INPUT DATA:
....

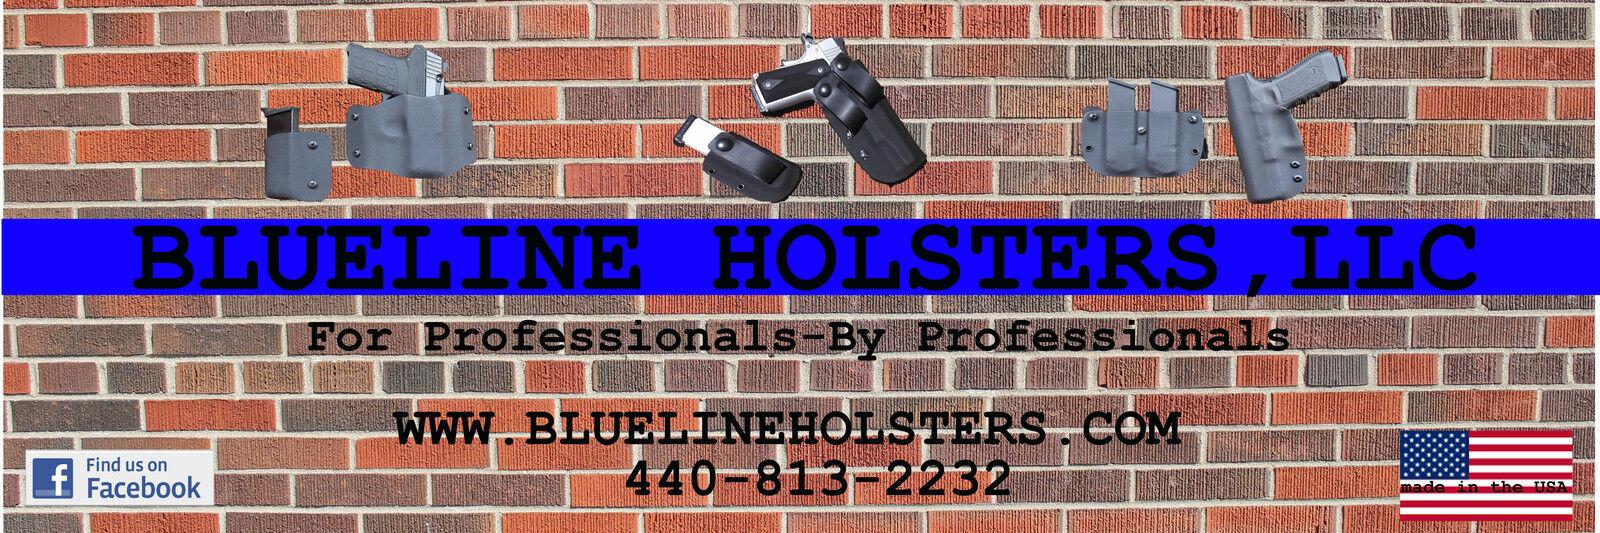 Blue Line Holsters,LLc
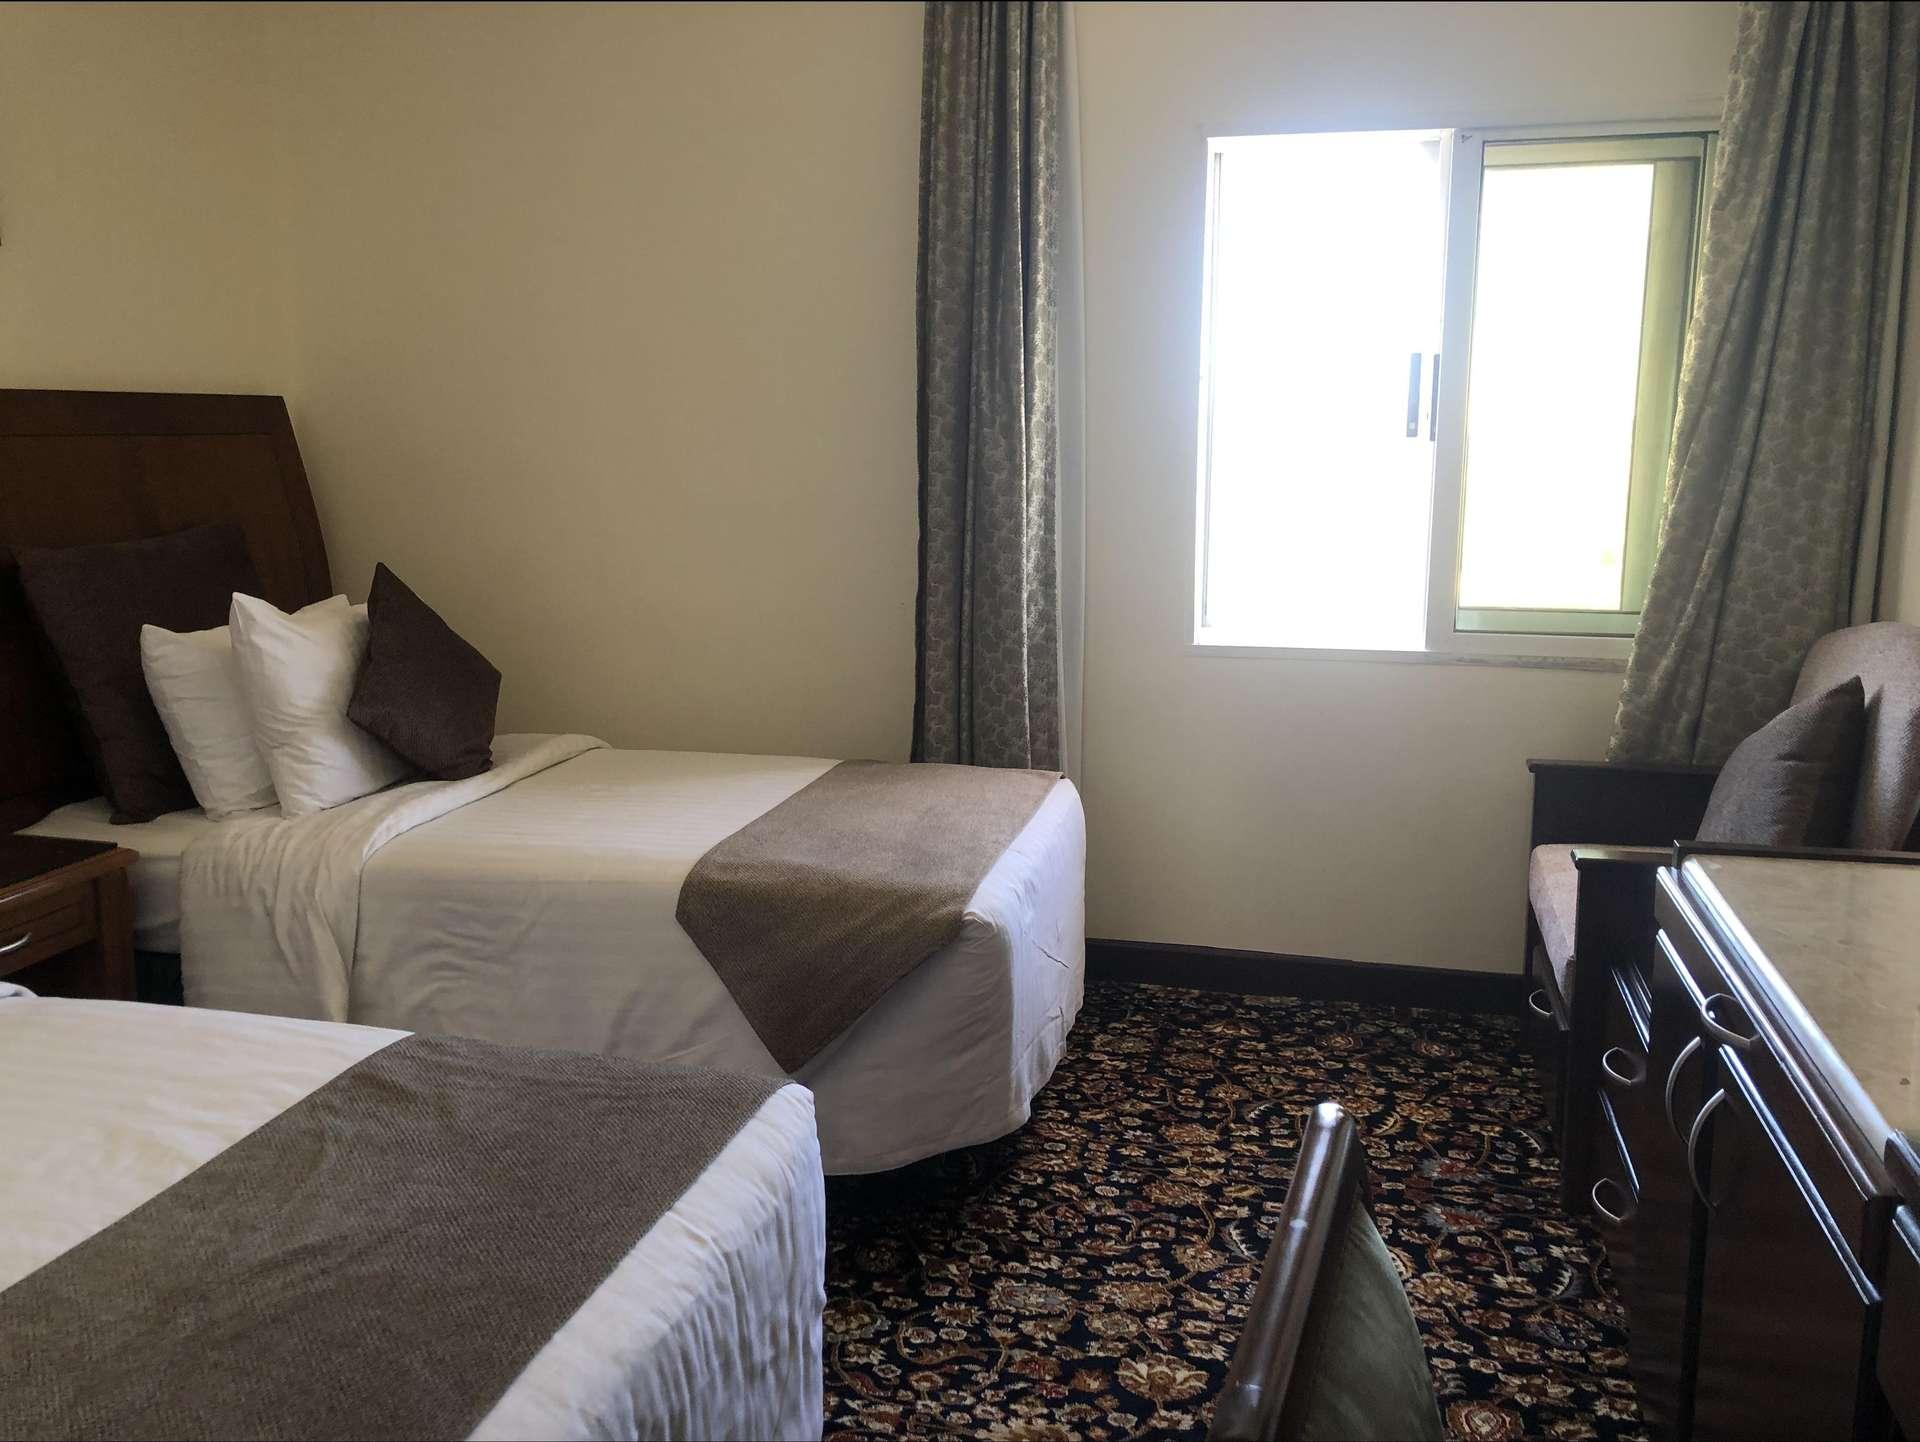 Hotel Amra Palace standaard kamer - Petra
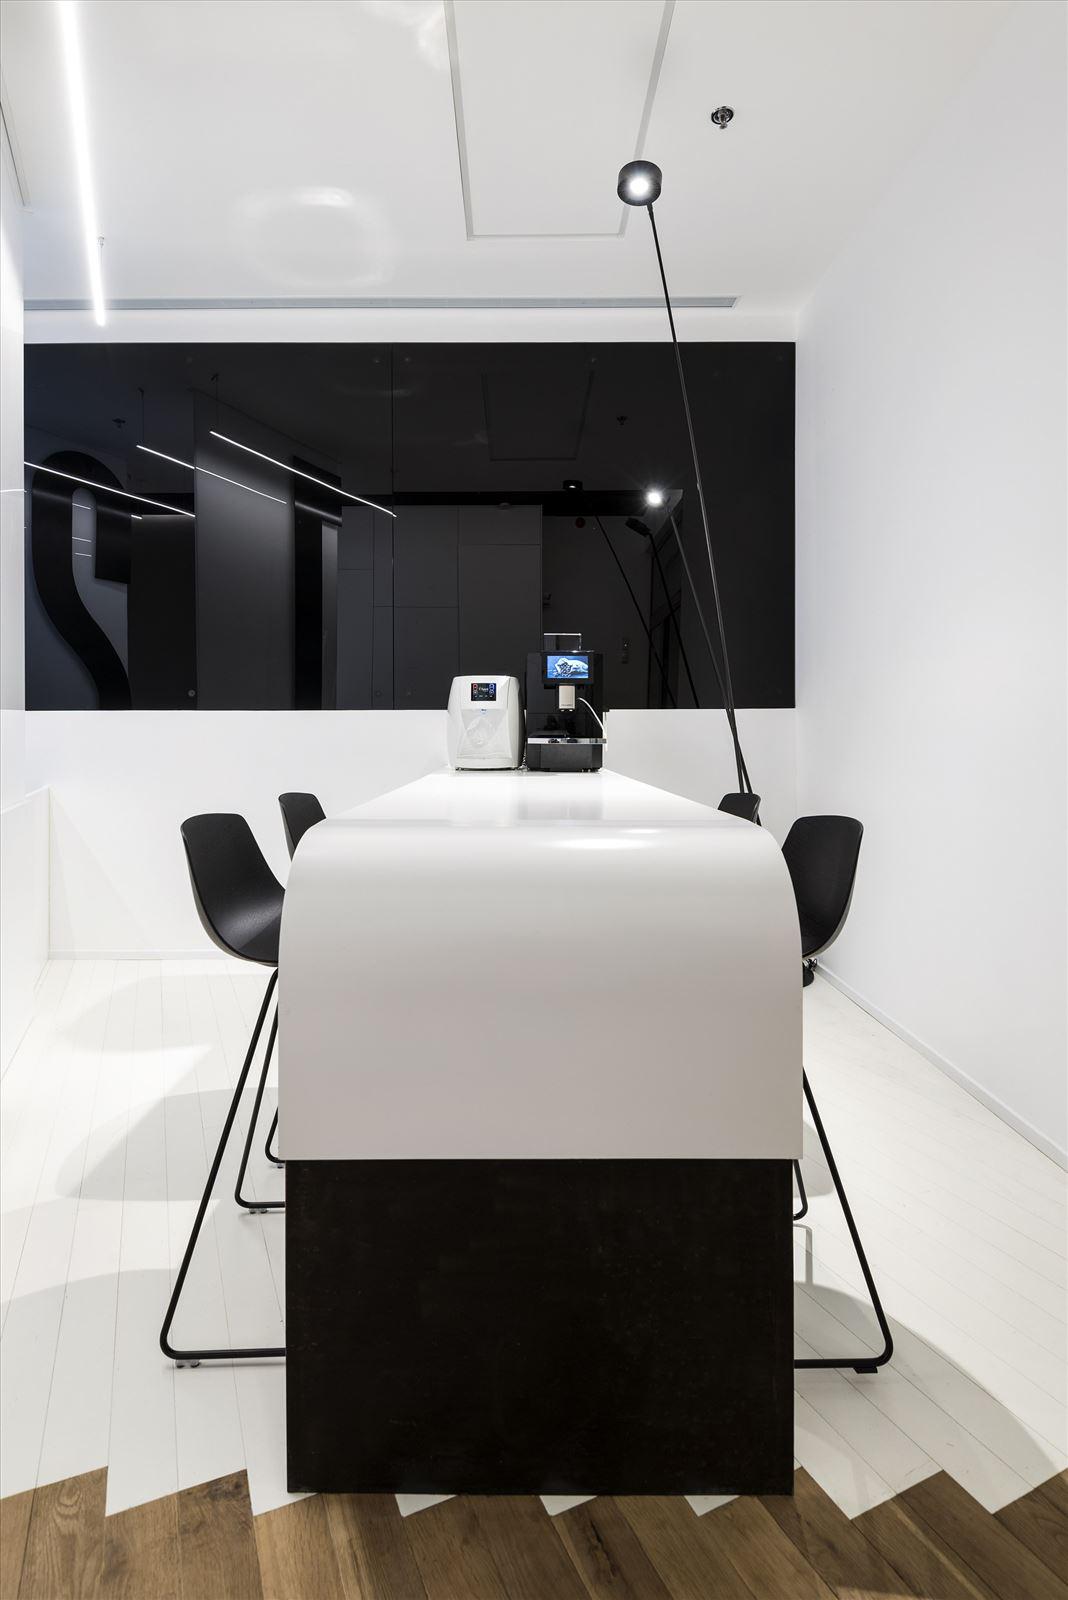 Office lighting project תאורה אדריכלית על ידי קמחי תאורה
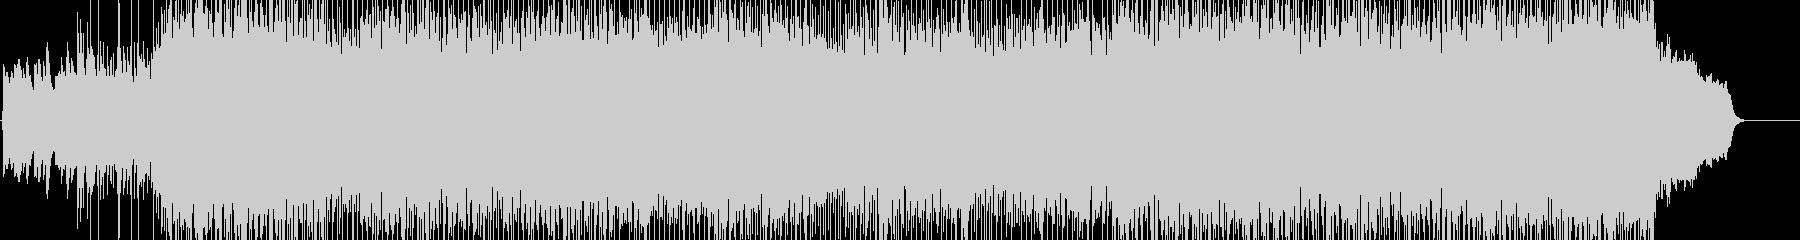 HARD/HEAVY・激しい BGM31の未再生の波形

....

TASK GOAL: An exact reproduction of the data is needed, with no pictures included.

RESPONSE AREA:
 Blue Line Holsters,LLc
 Hotel Amra Palace standaard kamer - Petra
 Office lighting project תאורה אדריכלית על ידי קמחי תאורה
 HARD/HEAVY・激しい BGM31の未再生の波形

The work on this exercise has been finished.